Fig. 2 is Pd@PtnLCore@core-shell nanoparticles size distribution histogram;Based on the corresponding particle size distribution of Fig. 1 as schemed
(a~e).
Fig. 3 (a~e) is respectively Pd@PtnLThe X-ray energy dispersive line of core@core-shell nanoparticles sweeps (EDS-lines) spectrum;
(f~j) is respectively Pd@PtnLCore@core-shell nanoparticles selectively remove resulting corresponding product after Pd core.

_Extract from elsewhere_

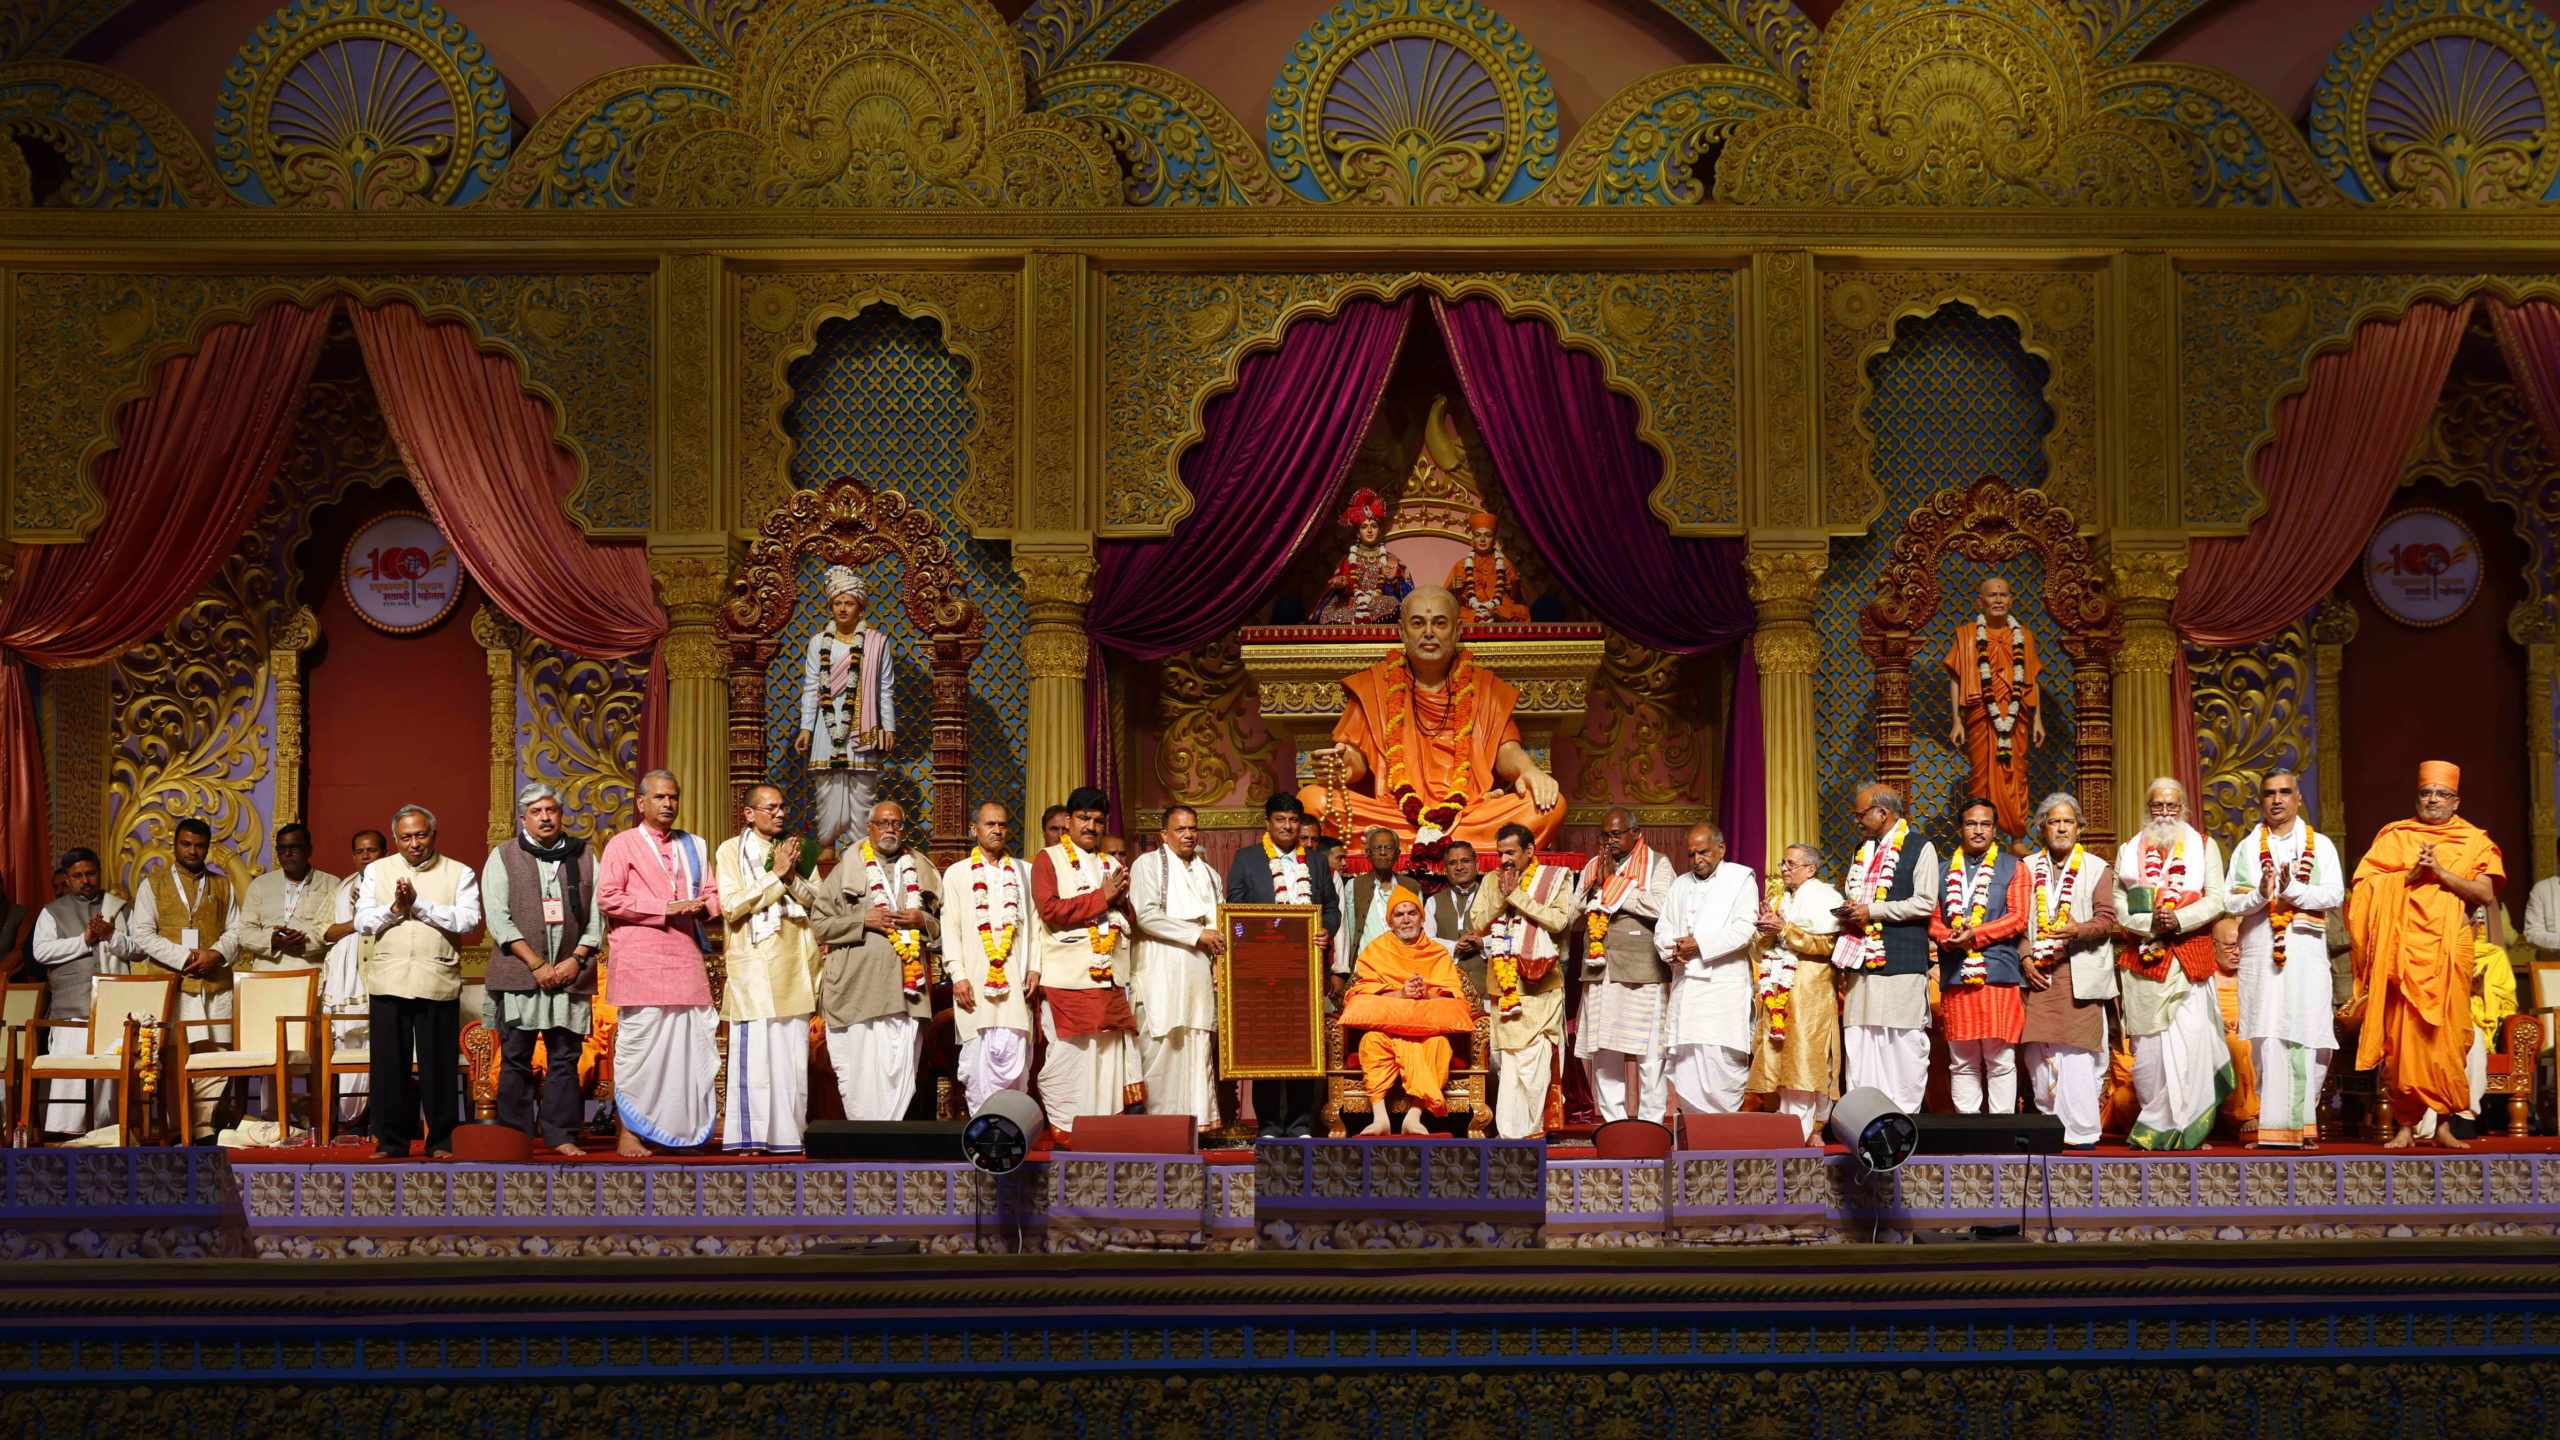 Pramukh Swami Maharaj was conferred the honor of 'Sanatan Dharma Jyoti' for his countless contributions to protect, foster and nourish the timeless wisdom of Hinduism and his continuous encouragement to preserve and promote the Vedic scriptural tradition by more than 30 eminent scholarsfrom all over India.

Fig. 4 is the relational graph of reaction temperature and the Pt single layer number of plies.
Fig. 5 is Pd@PtnL/ C and Pt/C catalyst ORR stability test histogram;Test condition is O2Saturation
0.1M HClO4Solution, scanning voltage range are 0.05~1.1V vs.RHE (relative to reversible hydrogen electrode), and sweeping speed is 10mV/
S, revolving speed 1600r/min.
Specific embodiment
Technical solution of the present invention is further described now in conjunction with drawings and examples, but the present invention is not limited only to
Following implementation situations.
Pd@Pt core@shell nanometer material of the invention be using Pd as core, Pt be constructed by shell at Pd@PtnLCore@shell nanometer
Particle, n are shell number, the Pd@PtnLThe shell thickness of core@core-shell nanoparticles accurately controls, Pd@PtnLCore@shell nanometer
The Pt shell thickness and the number of plies of Pt shell of particle are proportional, i.e., the number of plies that every increase about 0.7nm corresponds to Pt shell increases by 3 layers.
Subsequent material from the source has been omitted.